Fitness training has traditionally emphasized aerobic exercise such as running and cycling. More recently, the importance of strength training for both younger and older populations has received increased attention, and a growing number of children and adolescents are experiencing the benefits of strength training. Contrary to the traditional belief that strength training is dangerous for children or that it could lead to bone plate disturbances, the American College of Sports Medicine (ACSM) contends that strength training can be a safe and effective activity for this age group, provided that the program is properly designed and competently supervised.

The 2000-2001 Committee on Sports Medicine & Fitness from the American Academy of Pediatrics recommend the following:

  1. Strength training programs for preadolescents and adolescents can be safe and effective if proper resistance training techniques and safety precautions are followed.
  2. Preadolescents and adolescents should avoid competitive weight lifting, power lifting, body building, and maximal lifts until they reach physical and skeletal maturity.
  3. When pediatricians are asked to recommend or evaluate strength training programs for children and adolescents, the following issues should be considered:
    1. Before beginning a formal strength training program, a medical evaluation should be performed by a pediatrician. If indicated, a referral may be made to a sports medicine physician who is familiar with various strength training methods as well as risks and benefits in preadolescents and adolescents.
    2. Aerobic conditioning should be coupled with resistance training if general health benefits are the goal.
    3. Strength training programs should include a warm-up and cool-down component.
    4. Specific strength training exercises should be learned initially with no load (resistance). Once the exercise skill has been mastered, incremental loads can be added.
    5. Progressive resistance exercise requires successful completion of 8 to 15 repetitions in good form before increasing weight or resistance.
    6. A general strengthening program should address all major muscle groups and exercise through the complete range of motion.
    7. Any sign of injury or illness from strength training should be evaluated before continuing the exercise in question.
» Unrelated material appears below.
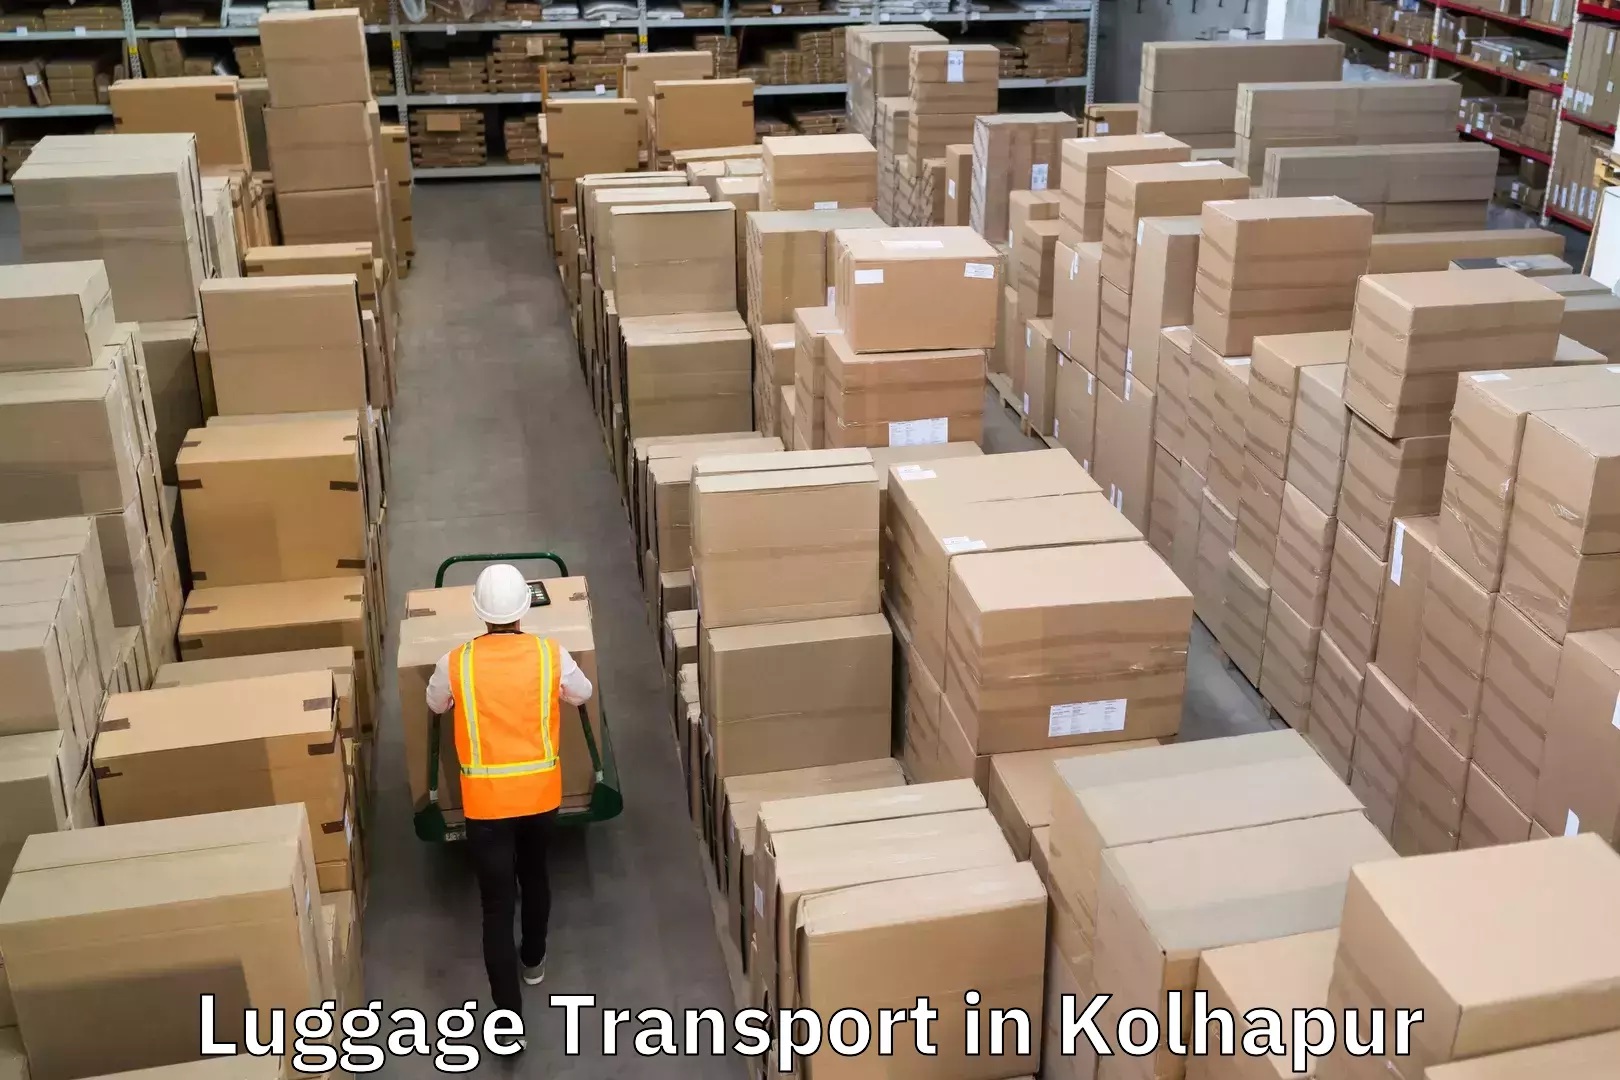 Luggage shipping planner in Kolhapur

It must be emphasized, however, that strength training is a specialized form of physical conditioning distinct from the competitive sports of weightlifting and powerlifting, in which individuals attempt to lift maximal amounts of weight in competition. Strength training refers to a systematic program of exercises designed to increase an individual's ability to exert or resist force.

Children and adolescents can participate in strength training pro-grams provided that they have the emotional maturity to accept and follow directions. Many seven and eight year-old boys and girls have benefitted from strength training, and there is no reason why younger children could not participate in strength-related activities, such as push-ups and sit-ups, if they can safely perform the exercises and follow instructions. Generally speaking, if children are ready for participation in organized sports or activities - such as Little League baseball, soccer, or gymnastics - then they are ready for some type of strength training.

A variety of training programs and many types of equipment - from rubber tubing to weight machines designed for children - have proven to be safe and effective. Although there are no scientific reports that define the optimal combinations of sets and repetitions for children and adolescents, one to three sets of six to fifteen repetitions performed two to three times per week on nonconsecutive days have been found to be reasonable. Beginning with one set of several upper and lower body exercises that focus on the major muscle groups will allow room for progress to be made. The program can be made more challenging by gradually increasing the weight or the number of sets and repetitions. Strength training with maximal weights is not recommended because of the potential for possible injuries related to the long bones, growth plates, and back. It must be underscored that the overriding emphasis should be on proper technique and safety - not on how much weight can be lifted.

In 1985 the NSCA (National Strength and Conditioning Association) published guidelines of prepubescent strength training. Those guidelines are as follows:

Strength training can begin at any age. But certain factors should come into consideration. The child should have apreparticipatory medical examination. He/she should be emotionally mature enough to follow directions. No child should be left unsupervised when lifting weights.

The strength training program should include a variety of different physical activities in addition to strength training. It is recommended that 50 to 80% of the prepubescent athletes program should include a variety of different activities, to enhance their abilities and keep them interested.

When introducing a child to a strength training exercises with free weights, and on machines, no resistance (weight) should be used initially. When the child has mastered the exercise then weight can be added. Utilizing exercises that use body weight as resistance i.e. chin-ups, dips, and sit-ups, are excellent for prepubescents as well as adults.

A prepubescent's training program should consist of high repetitions and low weight. The NSCA recommends six to 15 repetitions per set. One repetition maximum should never be attempted.

The training program could be performed three times a week, with a day of rest in between. in a 60 minute session the workout should consist of: warm-up, 20-30 minutes of weight training, 30-40 minutes of games (soccer, basketball etc...) and a cool- down.

(Always consult your doctor before beginning any new exercise program.)